Table 20. $p(x,0.07,0.4)$ for distinct values of k.

x	$\mathit{k}=1$	$\mathit{k}=3$	$\mathit{k}=5$
0.1	3.225623	7.292483	13.93789
0.2	2.49137	5.561109	10.50596
0.3	1.97222	4.33521	8.074585
0.4	1.59826	3.452954	6.32677
0.5	1.324093	2.807882	5.052338
0.6	1.119741	2.328956	4.11013
0.7	0.965058	1.968107	3.404136
0.8	0.846285	1.692361	2.868241
0.9	0.753864	1.478794	2.456363
1	0.681054	1.311259	2.136

Table 21. $q(x,0.07,0.4)$ for distinct values of k.

x	$\mathit{k}=1$	$\mathit{k}=3$	$\mathit{k}=5$
0.1	3.913954	5.732002	8.794366
0.2	3.445156	4.805046	7.069187
0.3	3.085737	4.123853	5.825489
0.4	2.802767	3.611715	4.911947
0.5	2.574741	3.218179	4.228409
0.6	2.387303	2.90952	3.707685
0.7	2.230644	2.662828	3.304071
0.8	2.097897	2.462277	2.986054
0.9	1.984141	2.29675	2.731601
1	1.885759	2.158305	2.525098

Figure 13. Comparison of pollutant concentration for fixed k.

Figure 14. Comparison of DO concentration for fixed k.

5. Conclusions

In the present study, we have presented the two-dimensional time fractional mathematical model for river pollution and its remediation for an unsteady state and investigated the effect of aeration.
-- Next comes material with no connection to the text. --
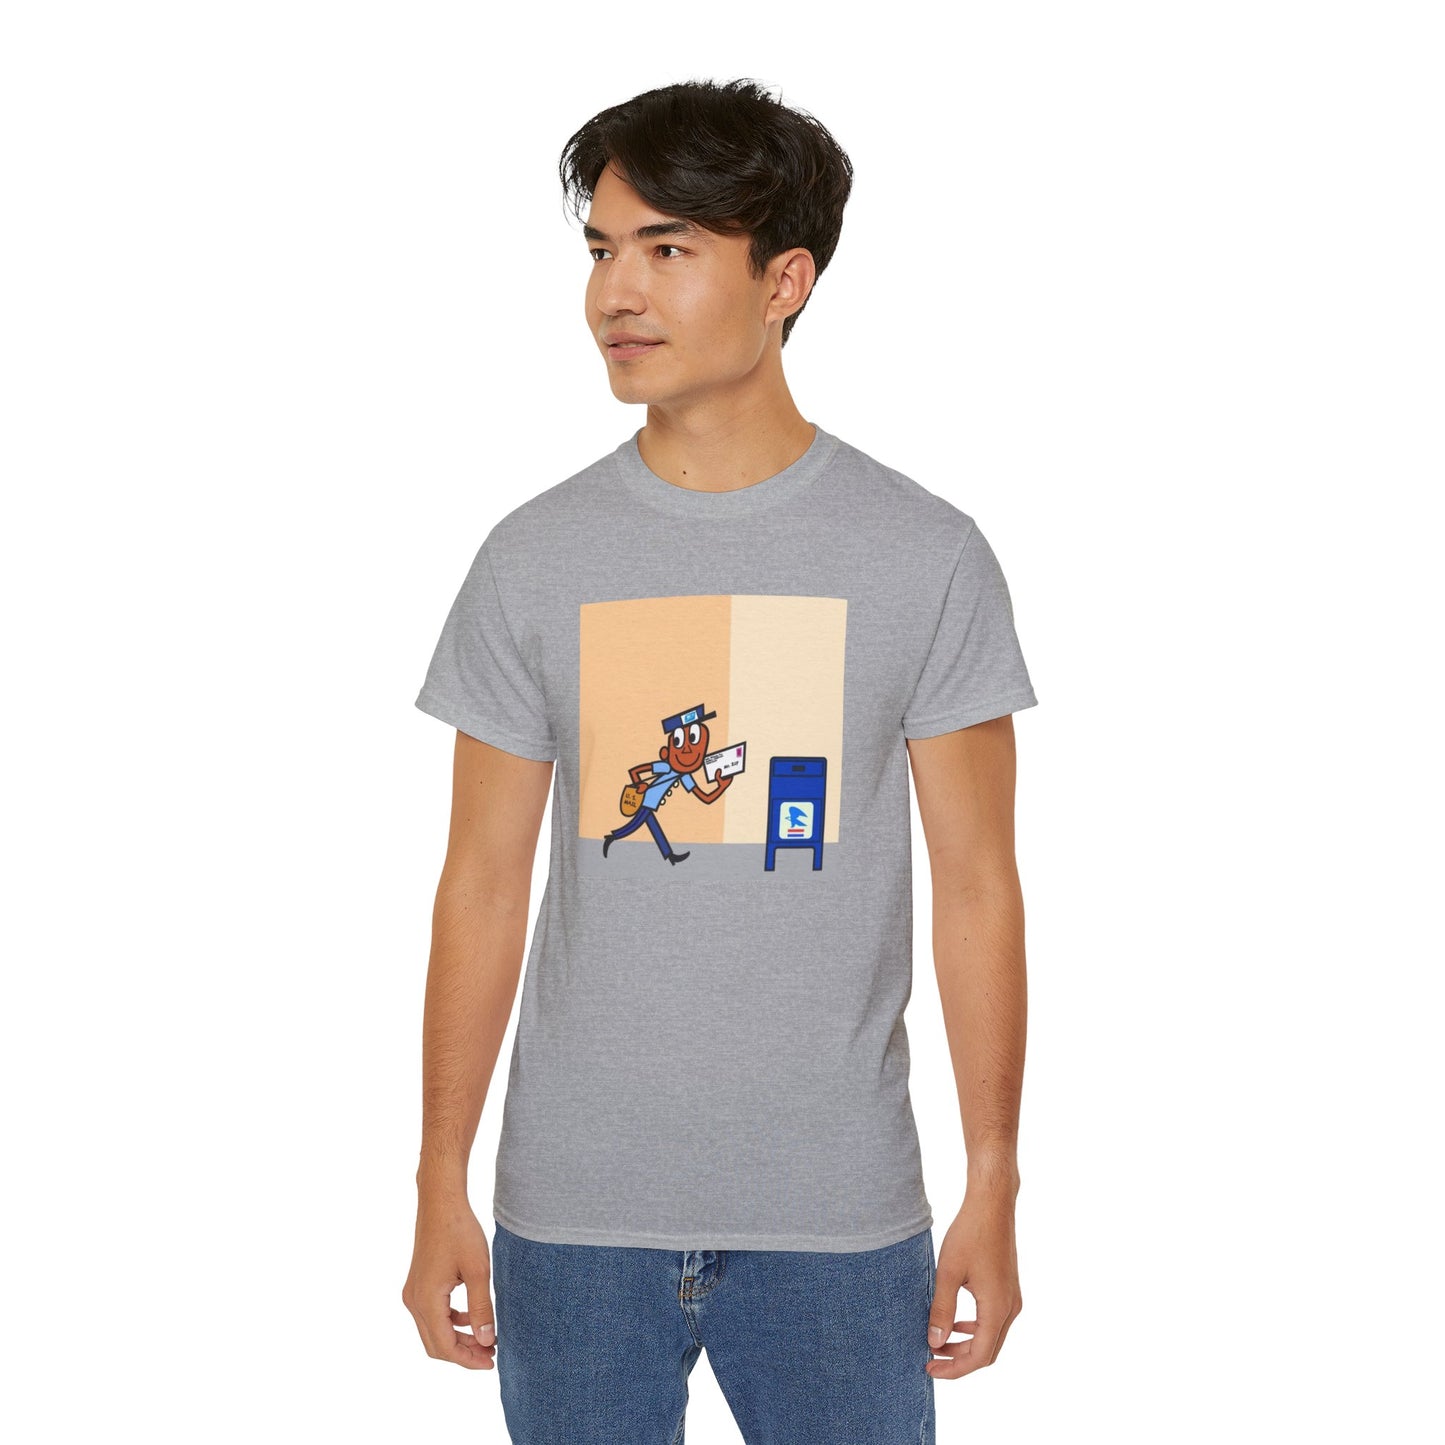 "Picture Shirt" Mr. Zip USPS Logo Man "Unisex T-shirt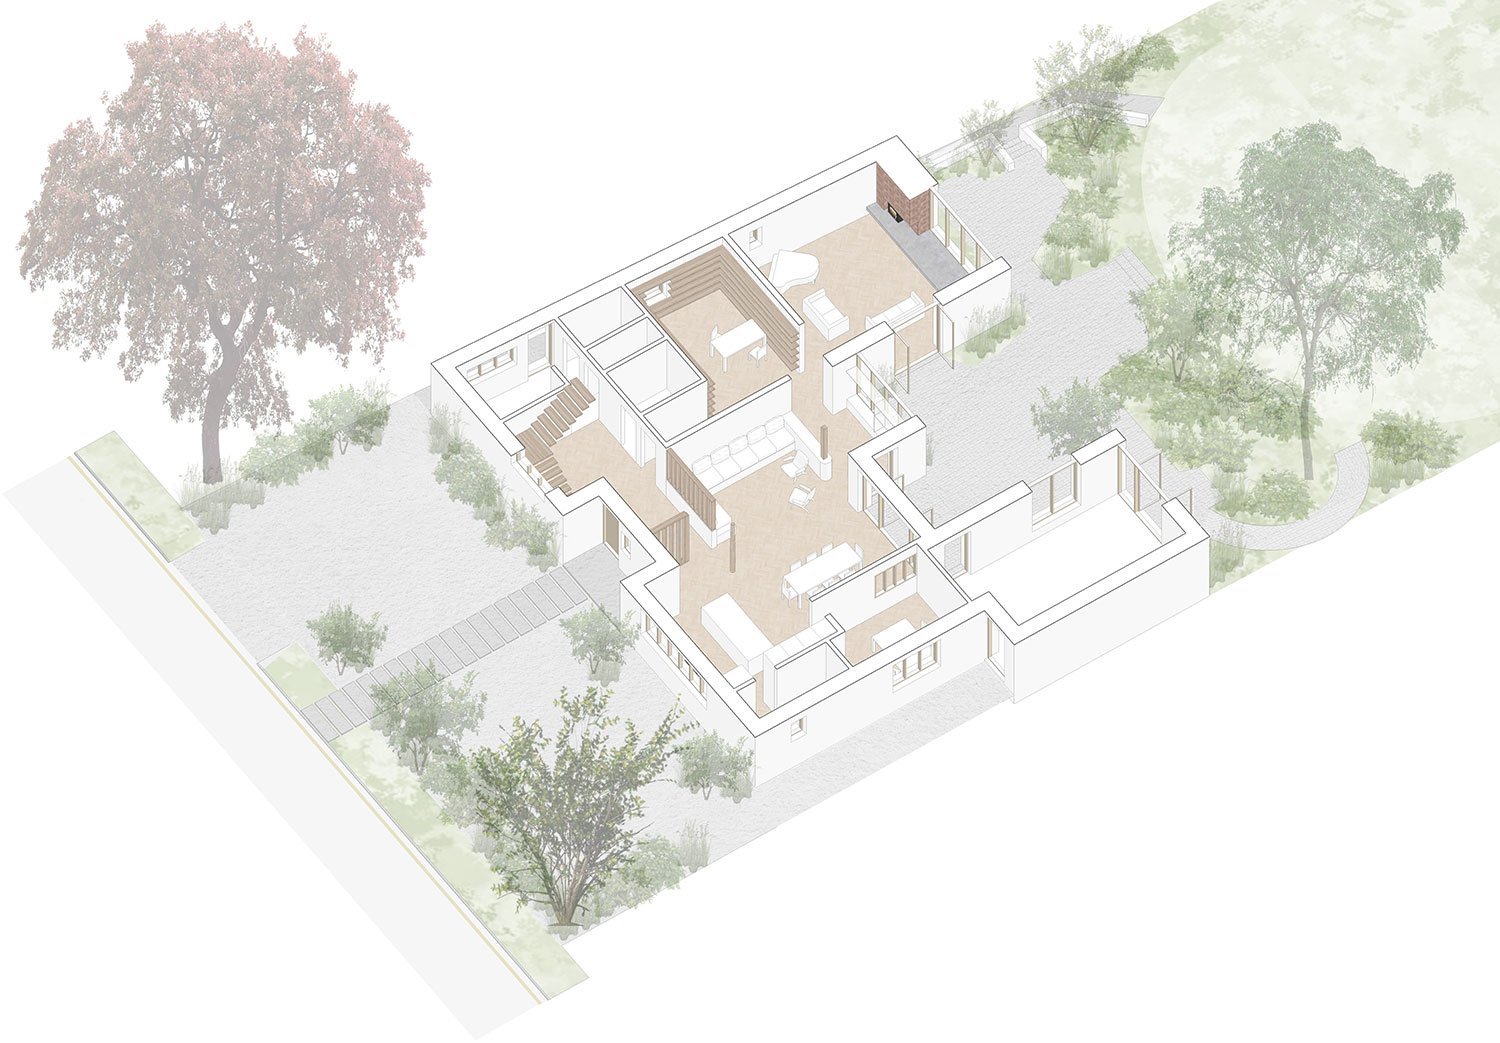 Cambridge-House-Retrofit-Passivhaus-landscape-drawing-prewett-bizley-architects.jpg

We successfully applied the fractional reduced differential transform method to solve the coupled nonlinear two-dimensional time fractional advection-diffusion equations. The research area is supposed to be initially polluted in the exponentially decayed form. We have observed that the concentration of DO and the value of pollutants decrease as the length and width of the river increase. The concentration value of DO and pollutants increases as time increases. When fractional order values rise from 0 to 1, the concentration of pollutant and DO decreases. We also checked the effect of different parameters on concentrations. We observed that the concentration of pollutant and DO increases as the longitudinal and transverse diffusion coefficients of the pollutant and DO increase. Also, the concentration of contaminants and DO will rise as the river’s longitudinal and transverse seepage velocity increases, and it will increase if the half-saturated oxygen demand concentration for pollutant degradation increases.